Structural Systems' operating income for the quarter was $10.6 million or 11% of revenue compared to $5.4 million or 6.7% of revenue for the prior year quarter. Excluding restructuring charges and other adjustments in both years, the segment operating margin was 15.4% in Q2 2024 versus 16% in Q2 2023. The slight decline was from higher costs due to the transition of production from Monrovia to Guaymas, partially offset by strategic pricing initiatives and operating leverage from higher revenues at other performance centers within the segment.
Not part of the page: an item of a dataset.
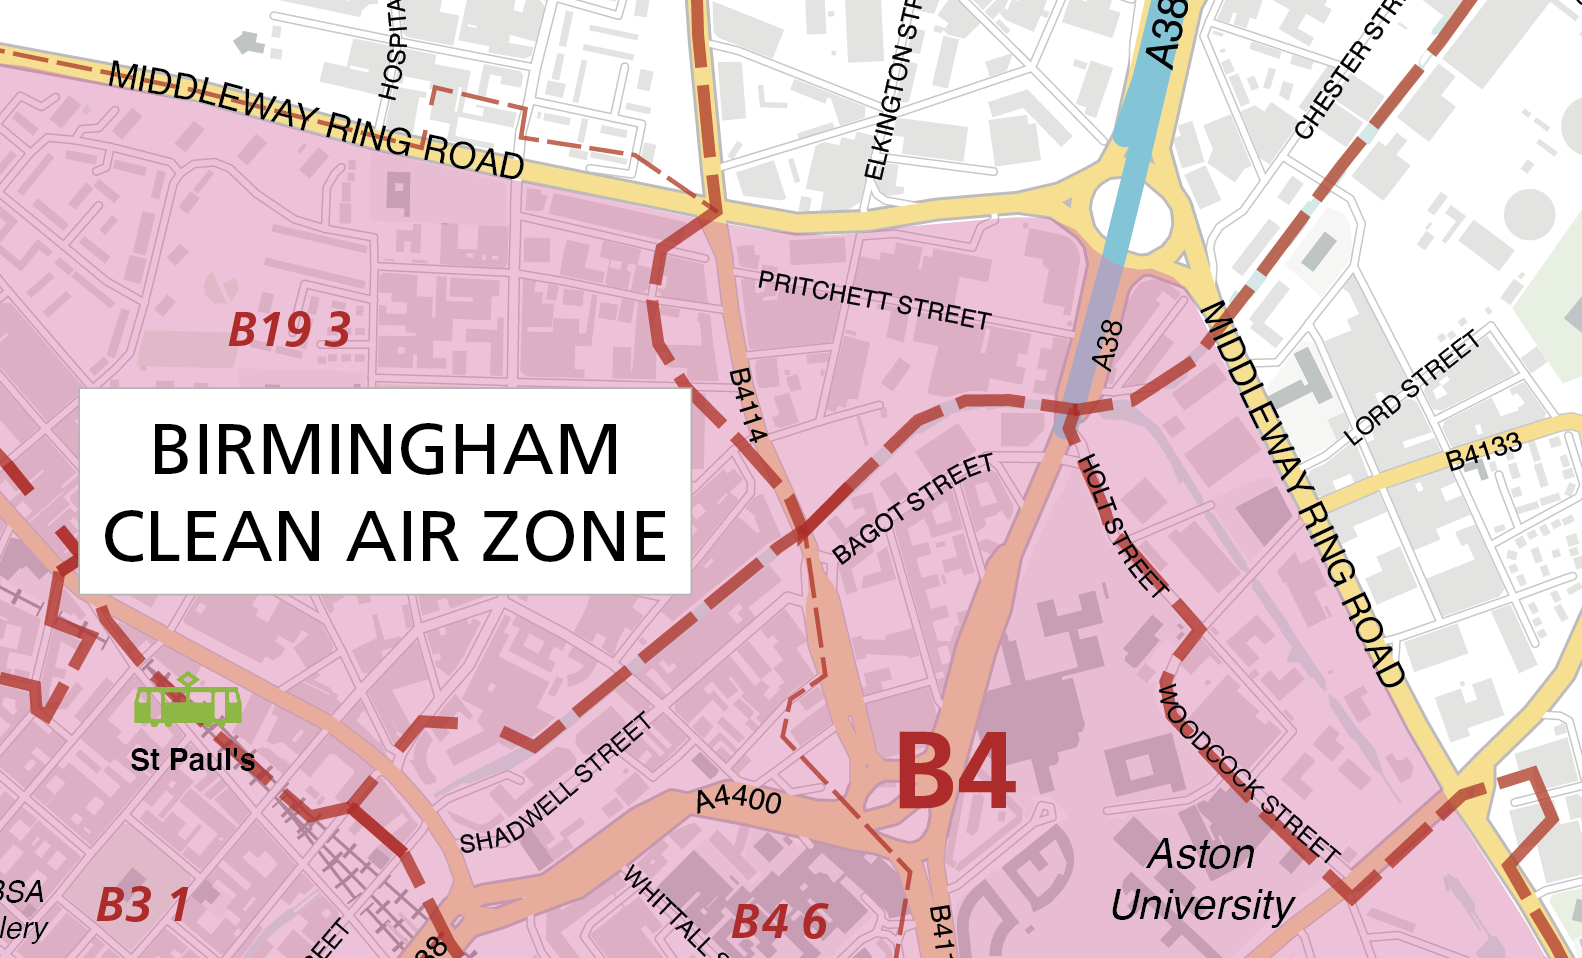 Map Of Birmingham Clean Air Zone With Streets And Pos - vrogue.co

Our Electronic Systems segment posted revenue of $101.4 million in the second quarter of 2024 versus $107.1 million in the prior year period. The decline is attributable to lower revenues from in-flight entertainment electronics, F-18 and F-35 platforms, along with a reduction in our industrial business as we chose to selectively prune non-core business. The declines were partially offset by strength on select military platforms, including the F-15, SPY-6 radar and naval and submarine programs, along with business jets with Gulfstream and on the A220 platform with Airbus.

Electronic Systems' operating income for the second quarter was $16.8 million or 16.6% of revenue versus $9.5 million or 8.9% of revenue in the prior year period. Excluding restructuring charges and other adjustments in both years, the segment operating margin was 16.9% in Q2 2024 versus 11.4% in Q2 2023.

The year-over-year increase was primarily due to shifting mix with higher growth in revenues and profitability in our engineered product businesses, along with strategic value pricing initiatives as well as savings from the restructuring program. Restructuring savings were driven by the transition of product lines from our Berryville performance center to other facilities.

Next, I would like to provide an update on our ongoing restructuring program. As a reminder and as discussed previously, we commenced a restructuring initiative back in 2022. These actions are being taken to better position the company for stronger performance in the short and long-term. This includes the shutdown of our facilities in Monrovia, California and Berryville, Arkansas, and the transfer of that work to our low-cost operation in Guaymas, Mexico and to other existing performance centers in the United States.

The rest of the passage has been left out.